Men Soveth also denied wrongdoing. He said that he and Nha­rang Chan were working together to stop villagers from encroaching on protected land. “If I allowed them to cut the trees, officials would have accused me of working with the villagers to destroy the forest,” he said. The land in question, he ad­ded, was abandoned by six Phnong families decades ago, during King Norodom Sihanouk’s reign, and now the descendants of those families have no right to claim it.

During their weeks in Phnom Penh, villagers said they visited the Ministry of Land Management 10 times; stopped by the National As­sembly, the National Land Dispute Authority office, and the Interior and Defense ministries; and also toured the offices of rights groups Licadho and Adhoc and the NGO Forum in an effort to get their cases addressed.

Much to their dismay, all their lobbying efforts resulted in a letter from Ministry of Land Manage­ment Secretary of State Chhan Saphan referring the disputes back to the Mondolkiri provincial governor and the provincial department of land management.

Svan Bob said that he has lost faith in local systems of dispute resolution. “We have tried all the pro­vincial authorities and none will even stamp the documents to say they received them. They are so afraid of the powerful people,” he claimed.

Chhan Saphan could not be reached for comment Sunday.

When not lobbying for their cause, the villagers hung out in the bare office of the Human Rights and Community Development Or­ganization in Phnom Penh’s Cham­kar Mon district, which is not much more than a room with a broken fan and a hard wood table.

For a while, it looked like the villagers might end up stranded in that little room for want of funds. They had taken up a collection be­fore heading for Phnom Penh—Svan Bob said they raised about $2,000, and that some families sold their livestock to fund the trip—but that money didn’t last long. Licadho and NGO Forum eventually step­ped in with $60, and the group was able to return to Mondolkiri pro­vince on July 29th.

The day after returning home, villagers said they submitted their complaints to the provincial land management department.
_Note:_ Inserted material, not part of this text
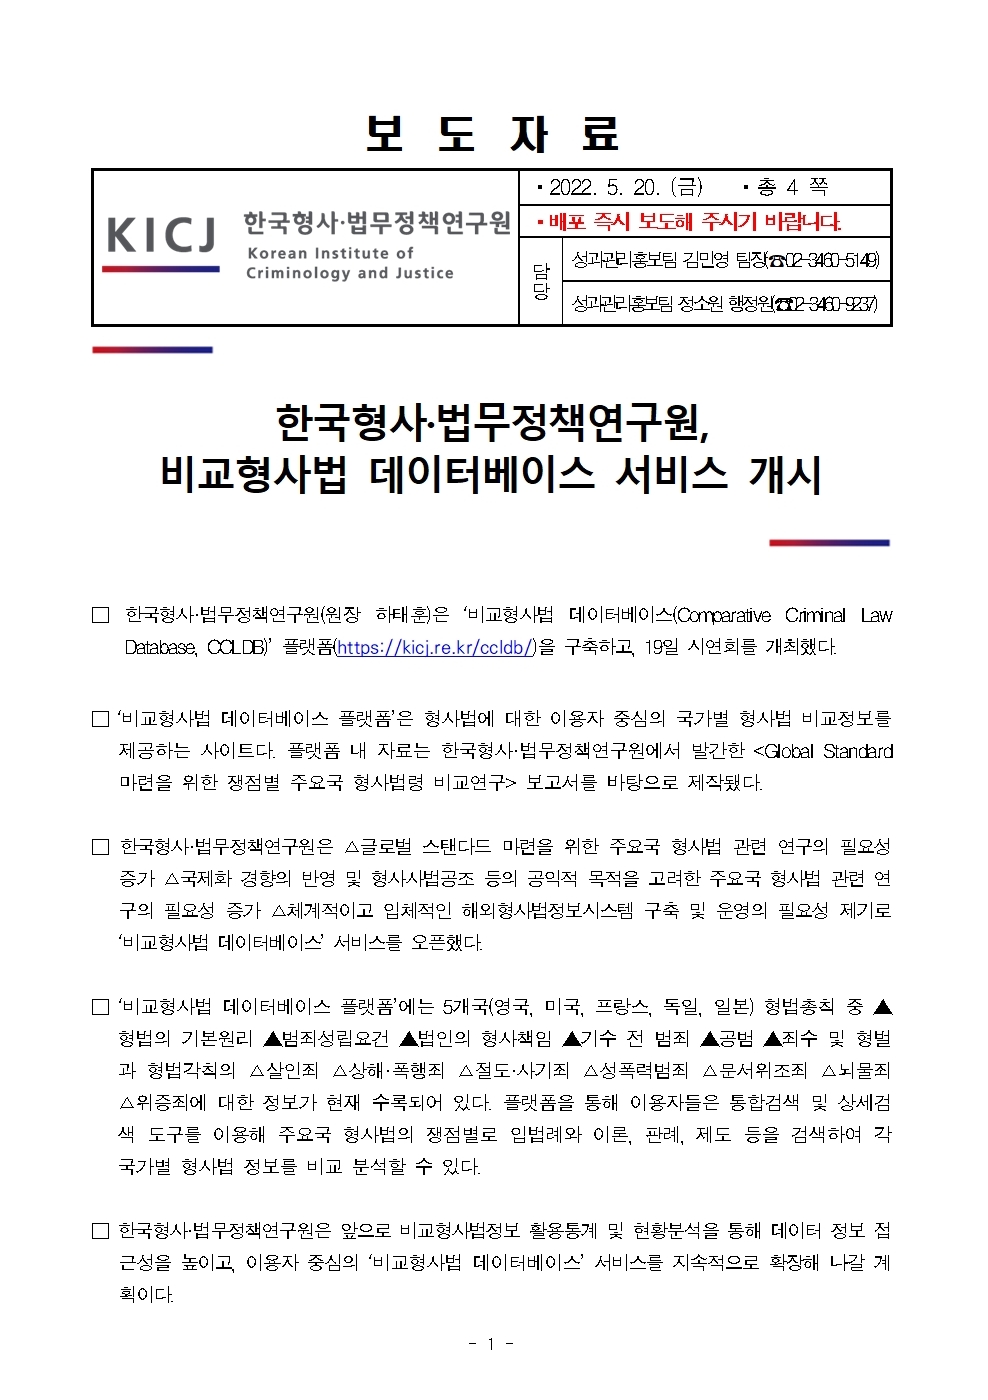 한국형사·법무정책연구원 비교형사법 데이터베이스 서비스 개시 : 자세한 내용은 하단 pdf파일 참조
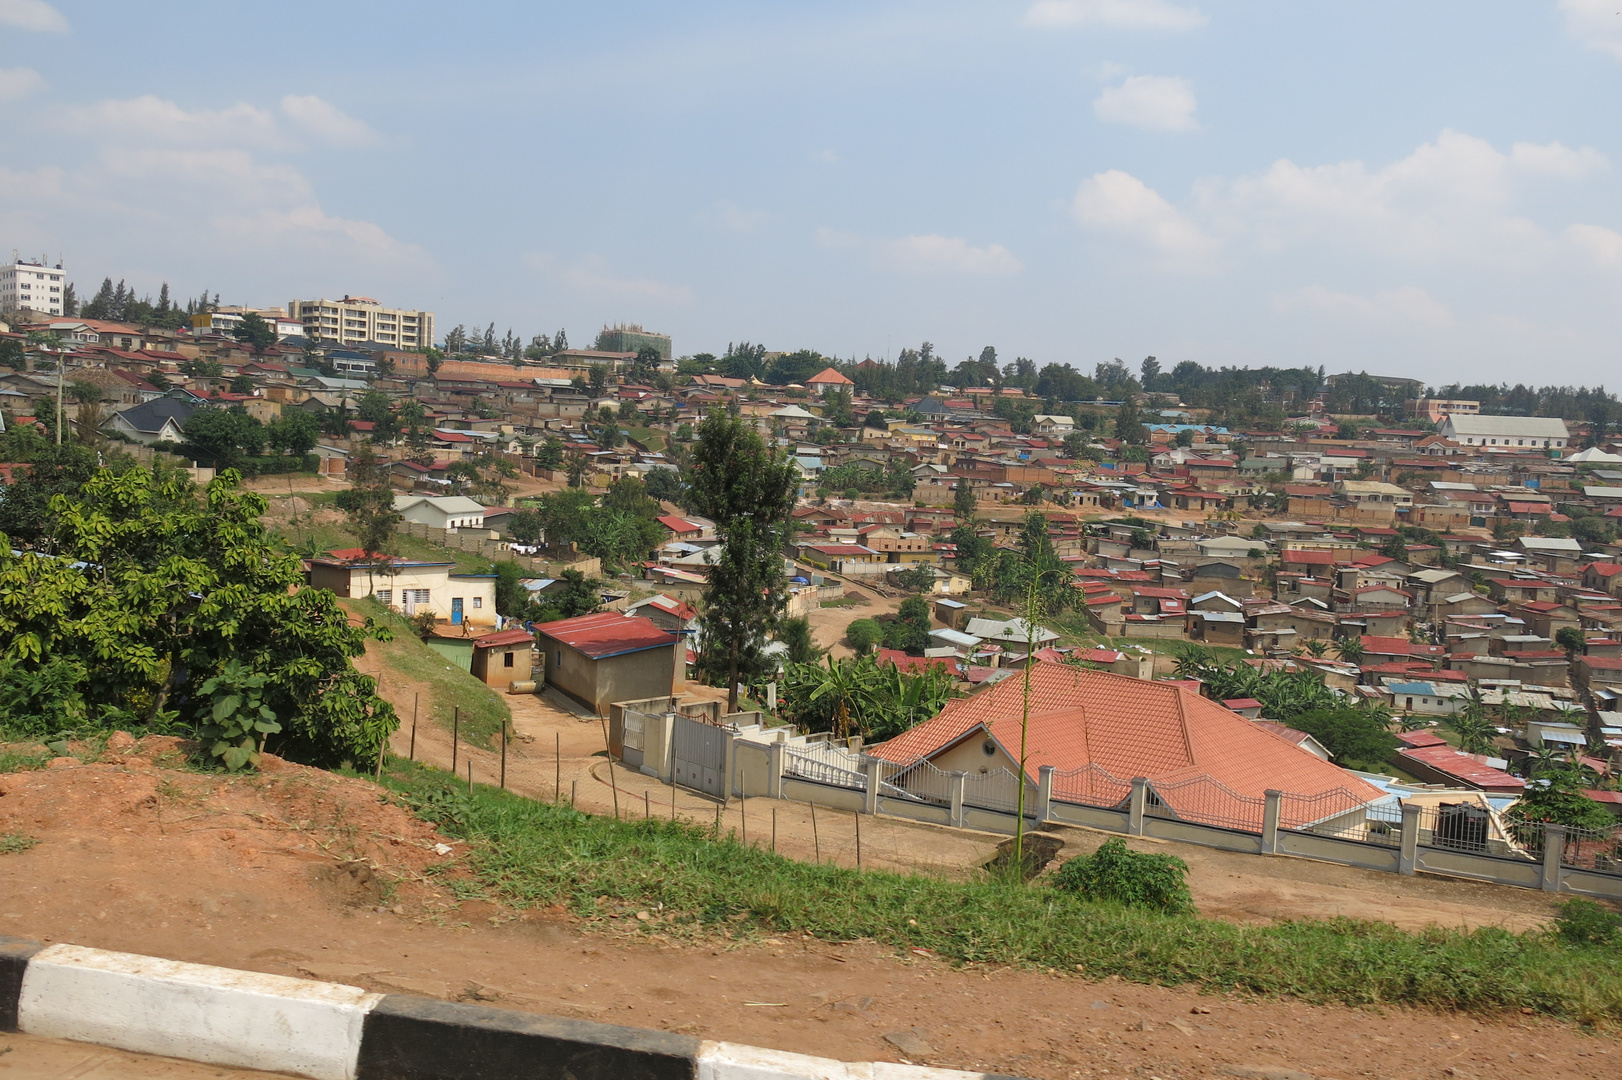 Kibagabaga in Kigali

Mob Kret said the authorities promised to investigate the cases within four days.

Monday, then Tuesday, Wed­nesday, Thursday and Friday came and went.

Ben Ren, director of Mondolkiri province’s land management de­partment, acknowledged that he had received the complaints but said bad weather had prevented him from launching an investigation.

“It has been raining,” he said Sunday. “When the rain stops we will work on the case.”

He maintained that the Phnong have encroached on state land in an effort to profit from rising land prices, but promised to resolve the disputes fairly.

“If the land belongs to the people, I will return it. But if not, I will confiscate the land,” Ben Ren said.

Mob Kret said Sunday that he has yet to hear from officials.

“I have only 50 percent hope,” he said. “Now we must wait.”